By contrast, the United States embassy, probably influenced by Mussolini’s coup in Italy, decided to take a closer look at this rising politician. In November 1922, the US assistant military attaché to Germany, Captain Truman Smith, came down from Berlin and met with Hitler on 20 November. Hitler argued that he was America’s best chance of keeping the Bolsheviks out of Germany, condemned monarchy as ‘an absurdity’, claimed that ‘dictatorship’ was the only answer, denied any plans for a war against France and railed against ‘the present abuse of capital’. To be sure, these were all things that the American wanted to hear—apart from the remarks on capitalism—but they also represented Hitler’s genuine views. One way or the other, the two men—both Wagnerians—seem to have hit it off. A ‘marvelous demagogue’, Smith wrote a few days later. ‘I have rarely listened to such a logical and fanatical man. His powers over the mob must be immense.’

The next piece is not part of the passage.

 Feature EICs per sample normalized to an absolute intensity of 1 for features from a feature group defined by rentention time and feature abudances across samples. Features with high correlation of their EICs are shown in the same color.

It was Smith who put Hitler in touch with Ernst ‘Putzi’ Hanfstaengl immediately after their meeting. Hanfstaengl epitomized the relationship between Germany and the United States, which was to play such a central role in Hitler’s thinking and policy over the next twenty years or so. Hanfstaengl’s maternal grandfather, Wilhelm Heine, had emigrated to America as a liberal refugee from the failed 1848 revolution. He reached the rank of brigadier-general in the Union Army and served as a pallbearer at Lincoln’s funeral. Hanfstaengl’s father owned a large art business in Munich. Hanfstaengl himself was partly brought up in the United States, where he attended Harvard University and was personally acquainted with the young Franklin Delano Roosevelt. From 1912, he had run the New York branch of his father’s business. Hanfstaengl spent the war—which killed a brother fighting on the German side—in America. The business was ruined by the American entry into the conflict and the associated ‘Trading with the Enemy Act’. Hanfstaengl became an enemy alien: the insider had become an outsider.

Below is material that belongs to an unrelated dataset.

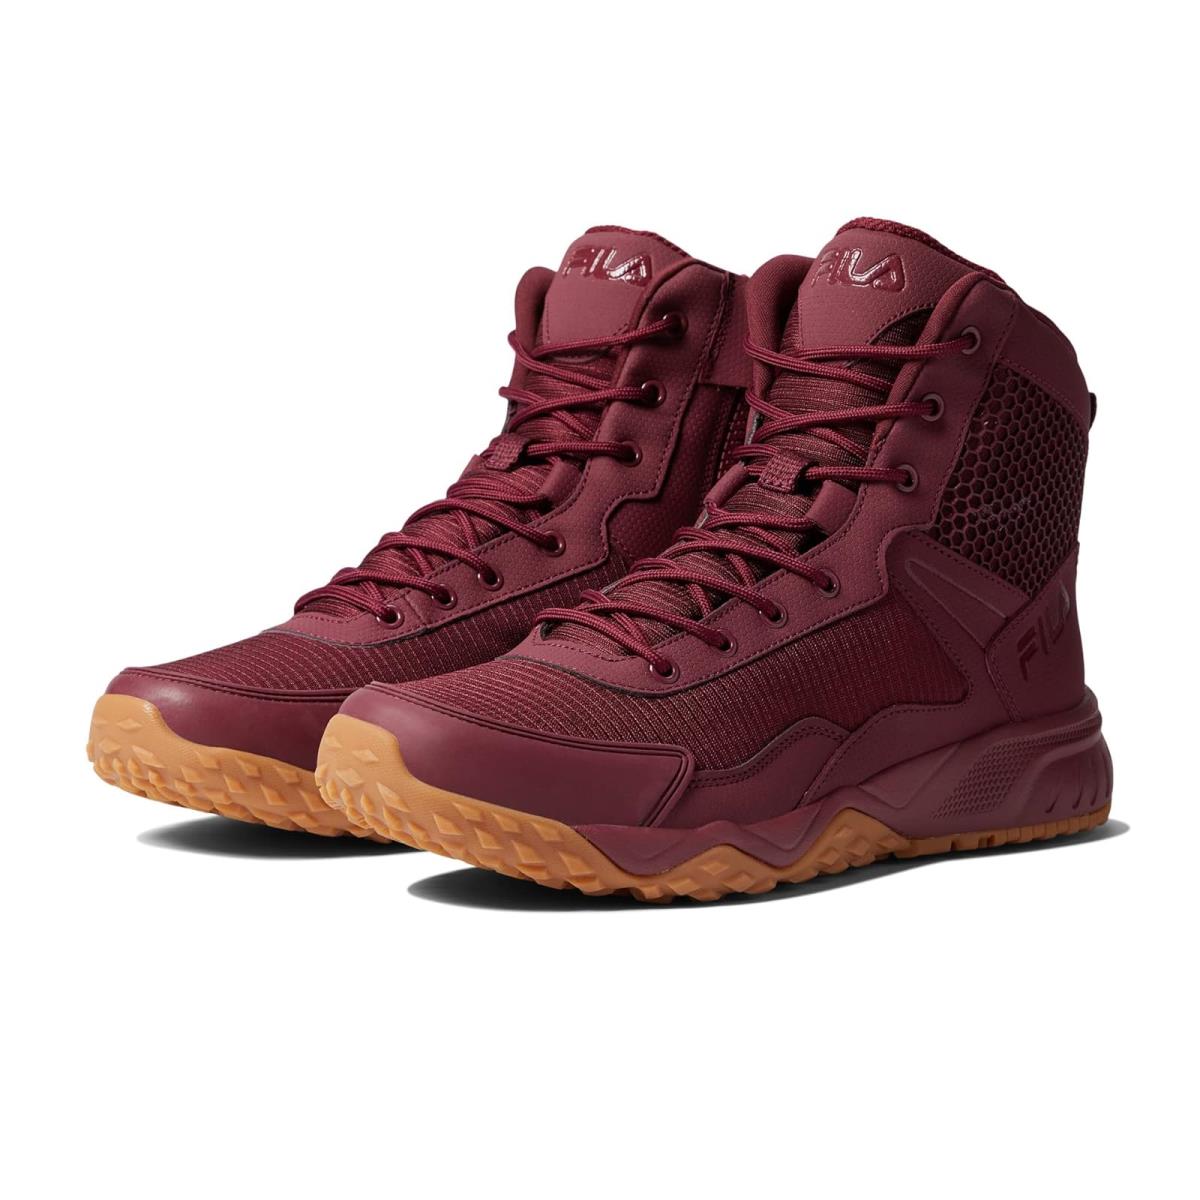 Man`s Sneakers Athletic Shoes Fila Chastizer Tawny Port/Tawny Port/Gum

Over the next year, Hanfstaengl and Hitler were in almost daily contact. Hanfstaengl impressed upon Hitler not only the immense industrial and demographic power of the United States, but the fact that every German had a close relative there or in some other part of the world, something of which Hitler was already well aware. He argued that the party needed to reach out to the world through a coordinated foreign press policy. Hanfstaengl now became effectively the NSDAP’s external media liaison officer. He also entertained Hitler with his piano, playing from a repertoire which included not only Wagner but Harvard football marches. Captain Mayr later recalled the ‘American methods of salesmanship’ used to push out the Nazi message. The United States thus increasingly became a model as well as a rival.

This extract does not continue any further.